◆ **What needs to be done**:
Once the line containing "Prochem Paint Oil" is found in the data below, repeat it and every later line exactly, leaving the pictures out.

◆ **Input data**:
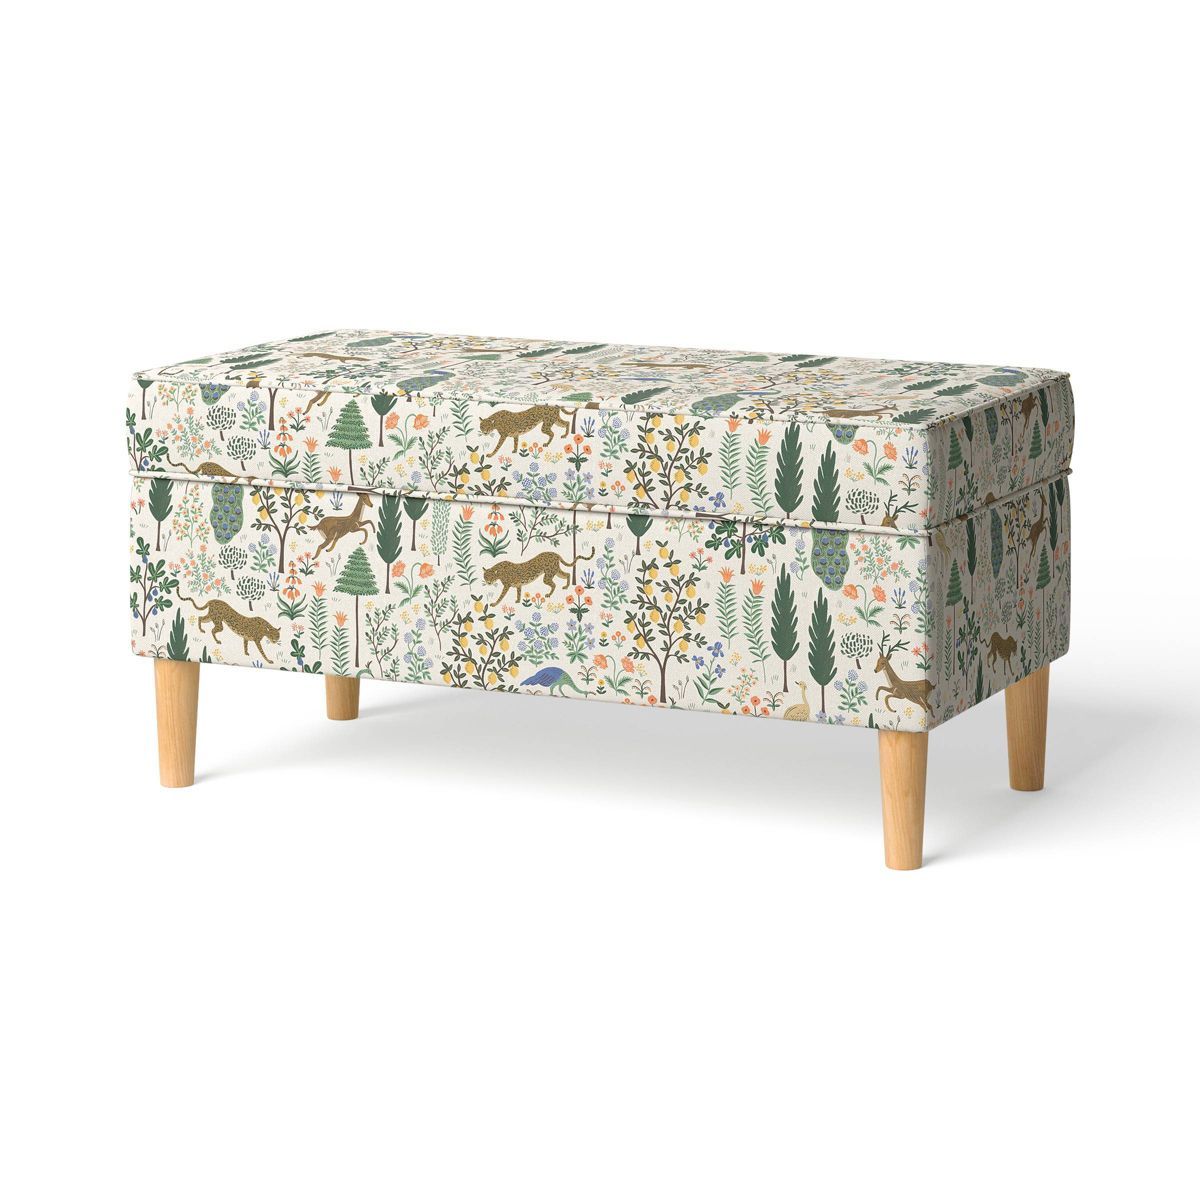 Rifle Paper Co. x Target Storage Bench Menagerie | Target
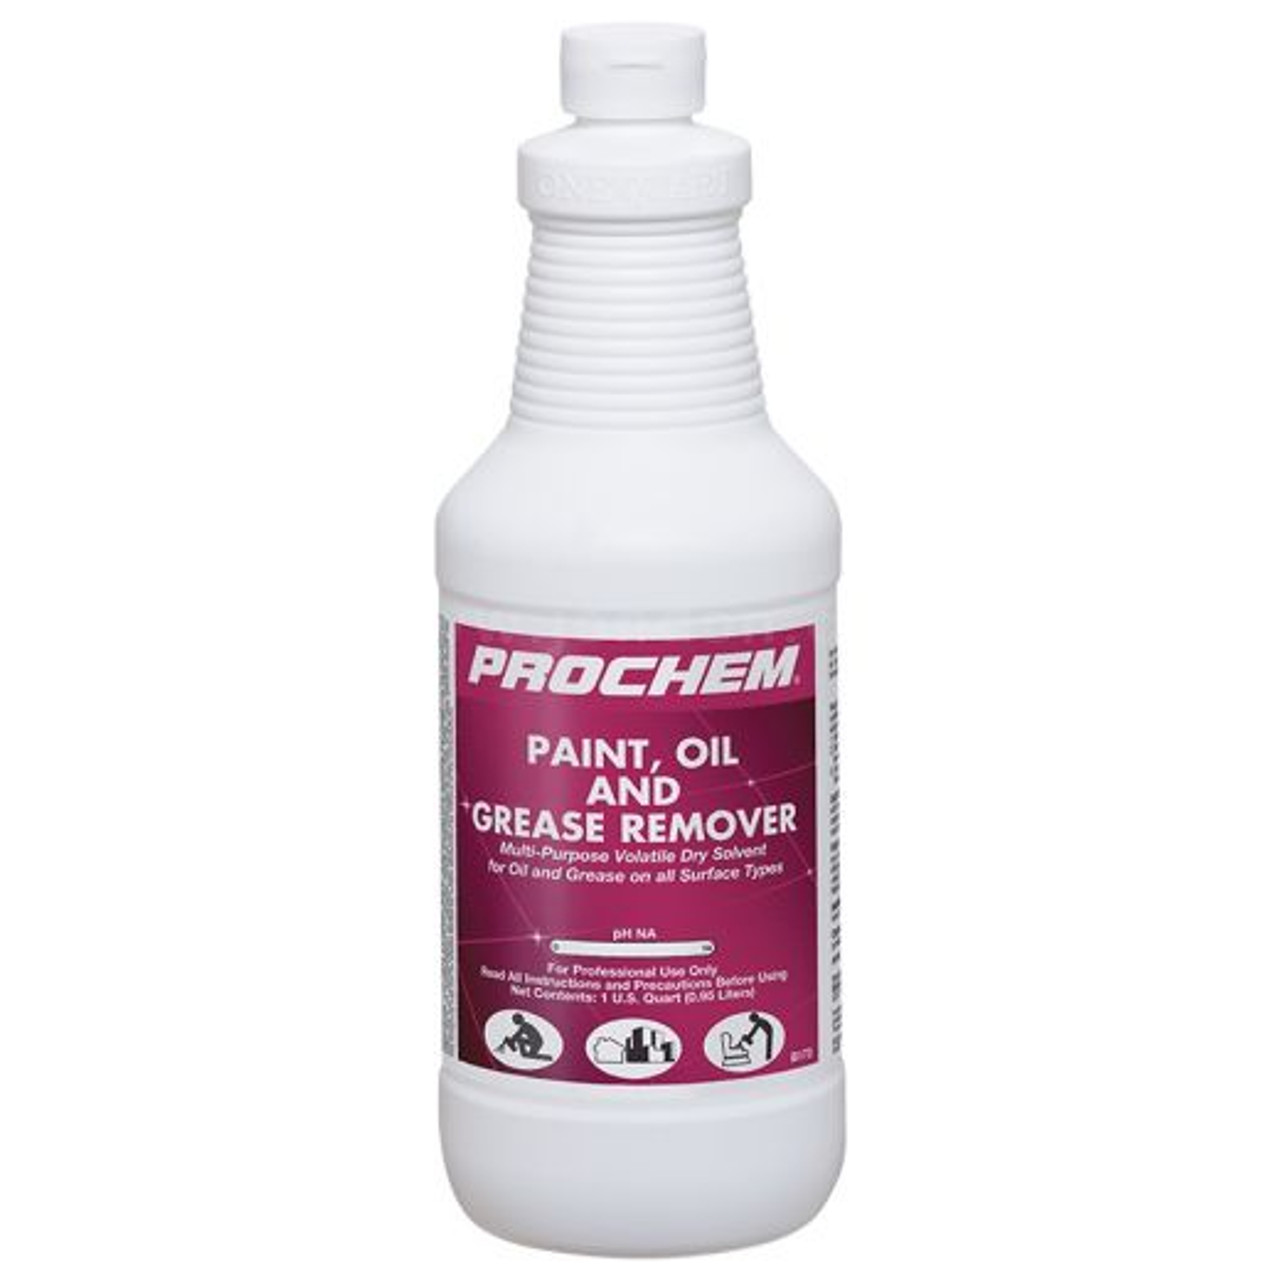 Prochem Paint Oil and Grease Remover - 1pt - CASE of 12ea
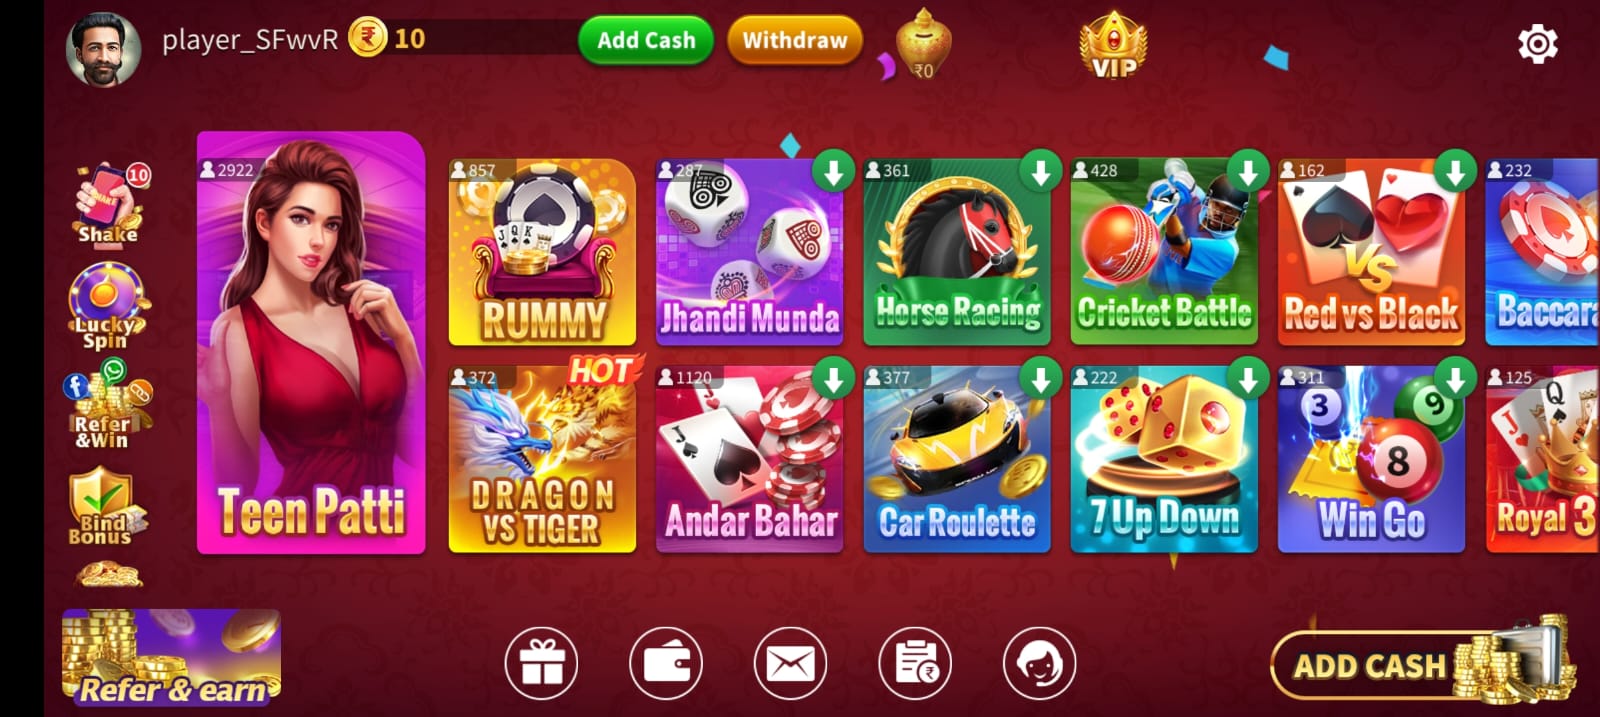 Available Games On Teen Patti Sweet App
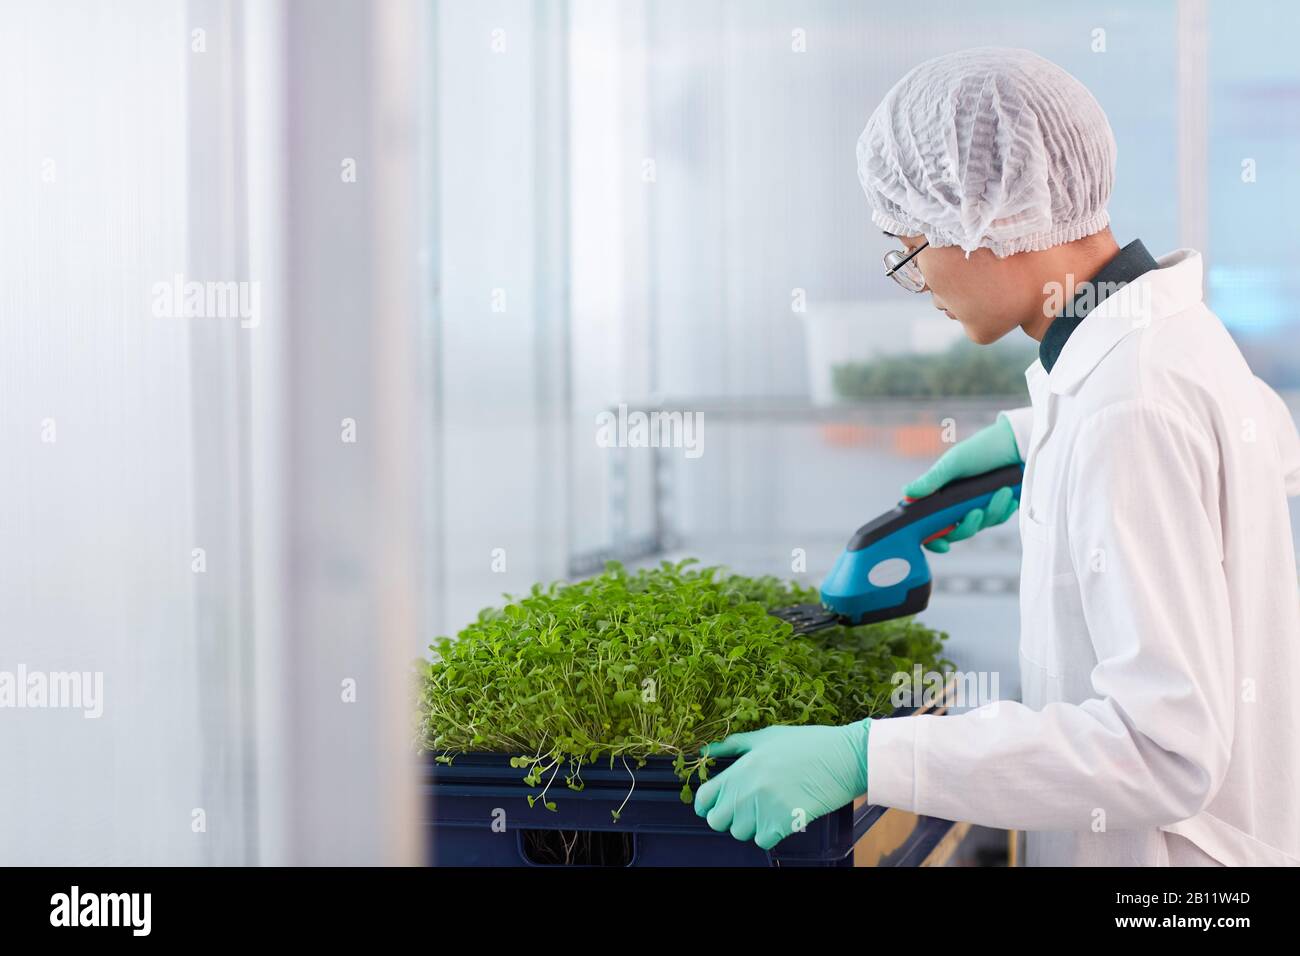 Asian farmer in white coat cutting plants in the box before seeding them Stock Photo

◆ **Output of the task**:
 Prochem Paint Oil and Grease Remover - 1pt - CASE of 12ea
 Available Games On Teen Patti Sweet App
 Asian farmer in white coat cutting plants in the box before seeding them Stock Photo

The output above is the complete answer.